Prayer, Healing and Scientific Research

Brown, Candy Gunther “Testing Prayer: Can Science Prove the Healing Power of Prayer?Huff Post March 2, 2012

Doing research for eight years on a topic can be an exhausting experience, but certainly qualifies one to be heard, as long as the research follows the requirements of testability that science requires. Candy Gunther Brown, associate professor of religious studies at Indiana University with additional appointments in the university’s American Studies program and their Liberal Arts and Management program, has done just that and will be publishing her results in her forthcoming book (April of this year), Testing Prayer (Cambridge, Mass.: Harvard University Press, 2012). She has also written on the subject in Psychology Today, “How Should Prayer Be Studied?” March, 2012, a useful supplementary article to the one under review here.

This brief article does several things very nicely. First, it asks the question every researcher of the relationship of medical practice to spiritual/religious practice should ask: Is this topic a proper one for scientific research? She answers of course in the affirmative, but in doing so, she lays out the parameters of the question succinctly for the non-specialist. There is much that could be discussed here, as Brown clearly, but barely, scratches the surface of this debate.
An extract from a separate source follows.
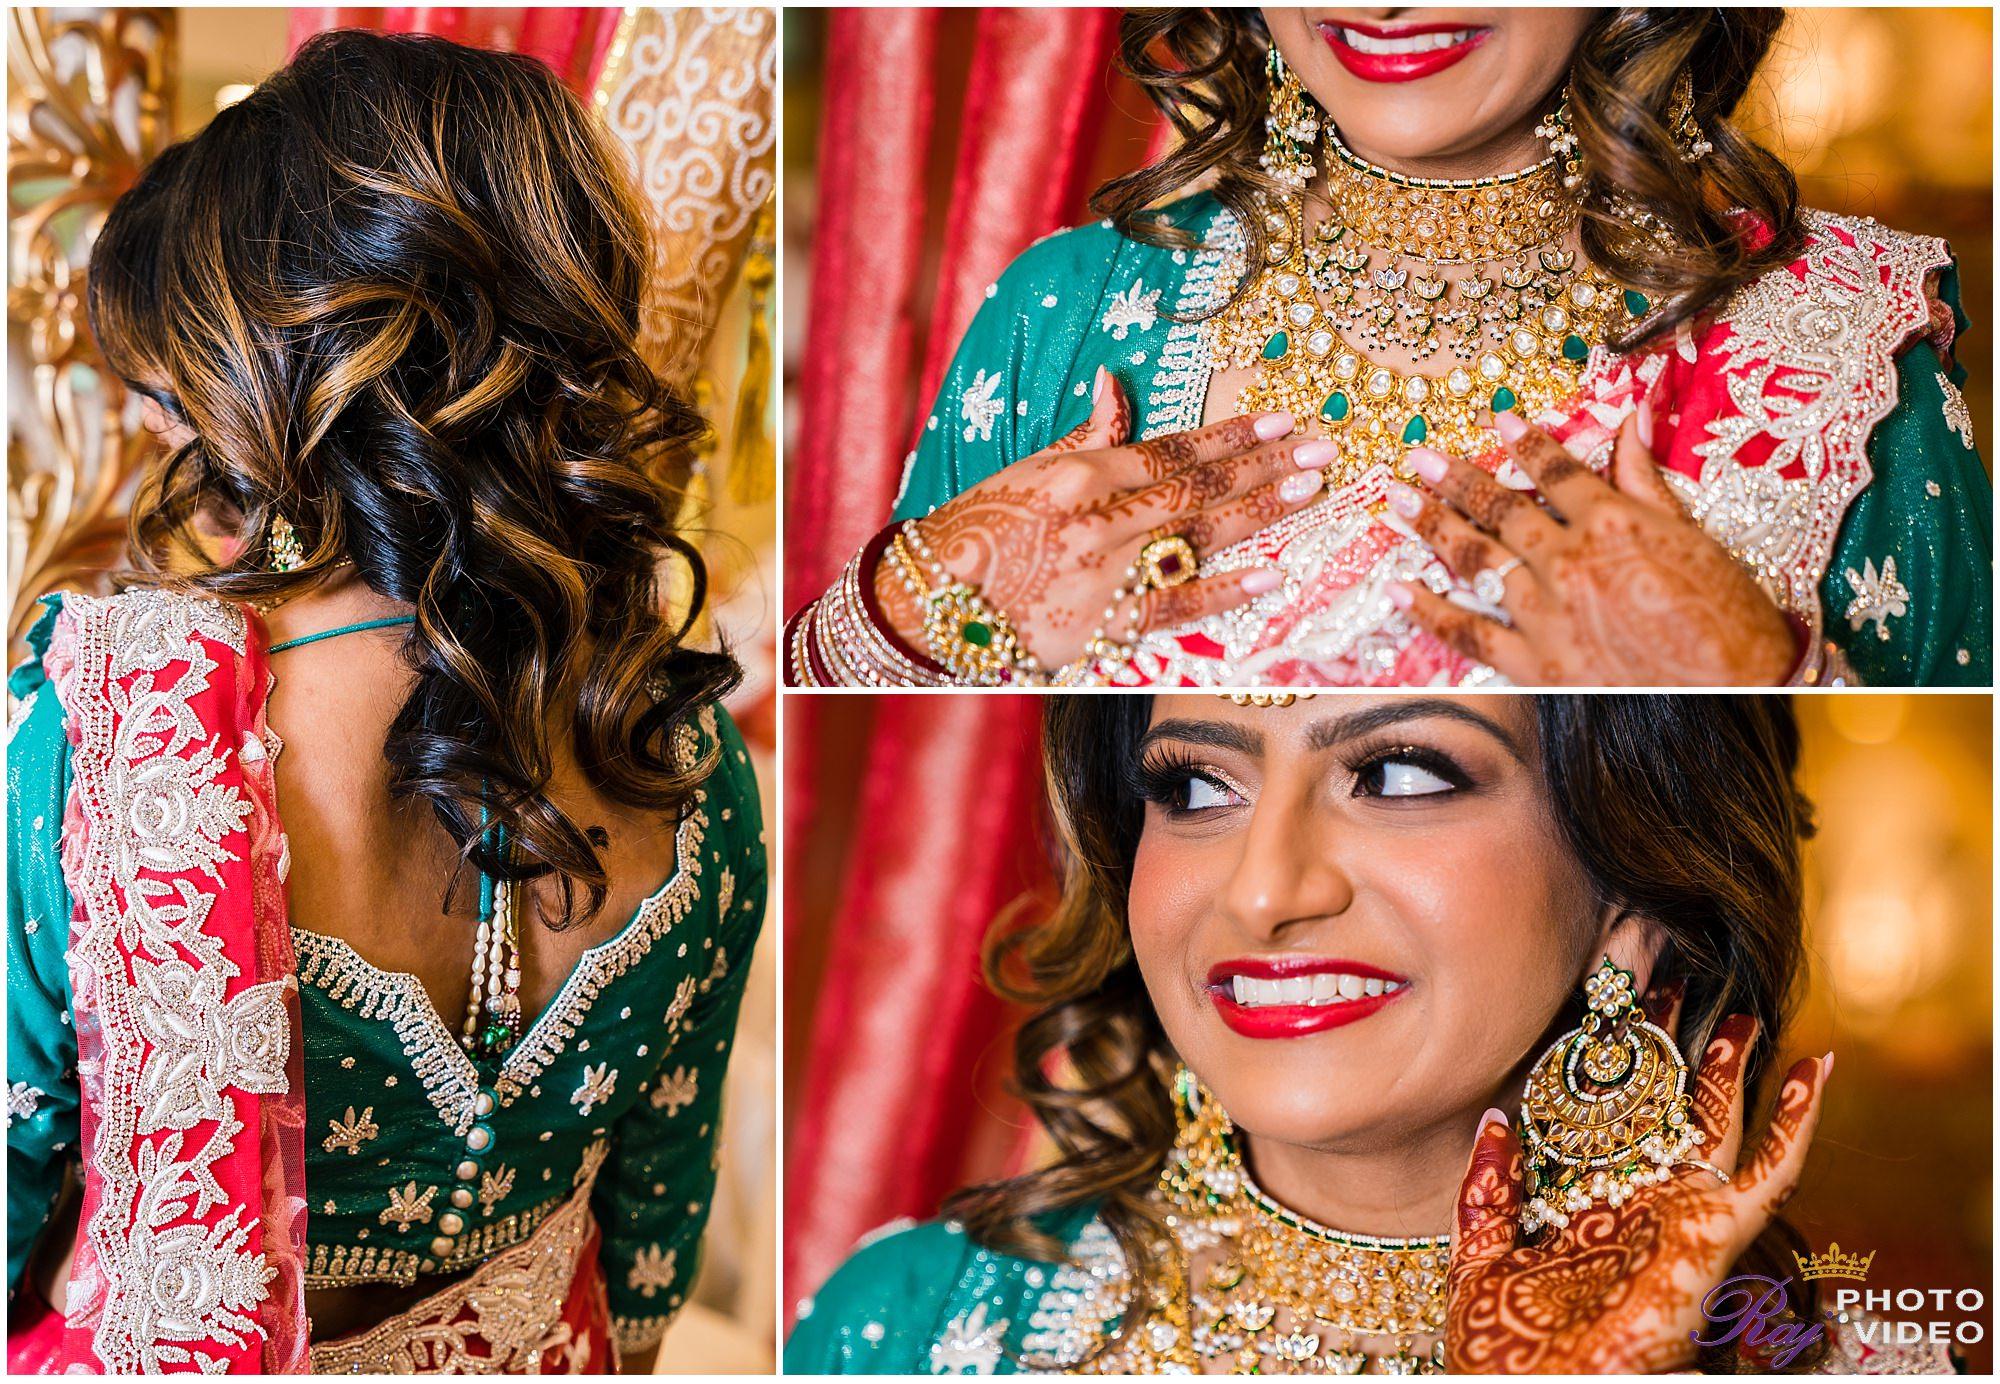 Sri-Guruvaayoorappan-Temple-Marlboro-NJ-Indian-Wedding-Chiyomi-Scott-00008.jpg

Second, Brown recounts four different research methods she has used to work on the problem of scientific research of prayer and healing, “each one suited to answering a particular question about prayer for healing.” She frames this discussion as if each method were a camera, offering its own perspective on how prayer affects health. The four cameras are described under these headings: 1) “Medical Records: Are healing claims documented?”; 2) “Surveys: How do sufferers perceive healing prayer?”; 3) “Clinical Trials: Can health outcomes of prayer be measured?”; 4) Follow-up: “Do healing experiences produce lasting effects?” Each of these titles is followed by a paragraph of densely rich, though easily accessible elaboration.

This article would serve very well as both an introduction to Brown’s book and as the basis for a discussion of the topic among university students and faculty at all levels.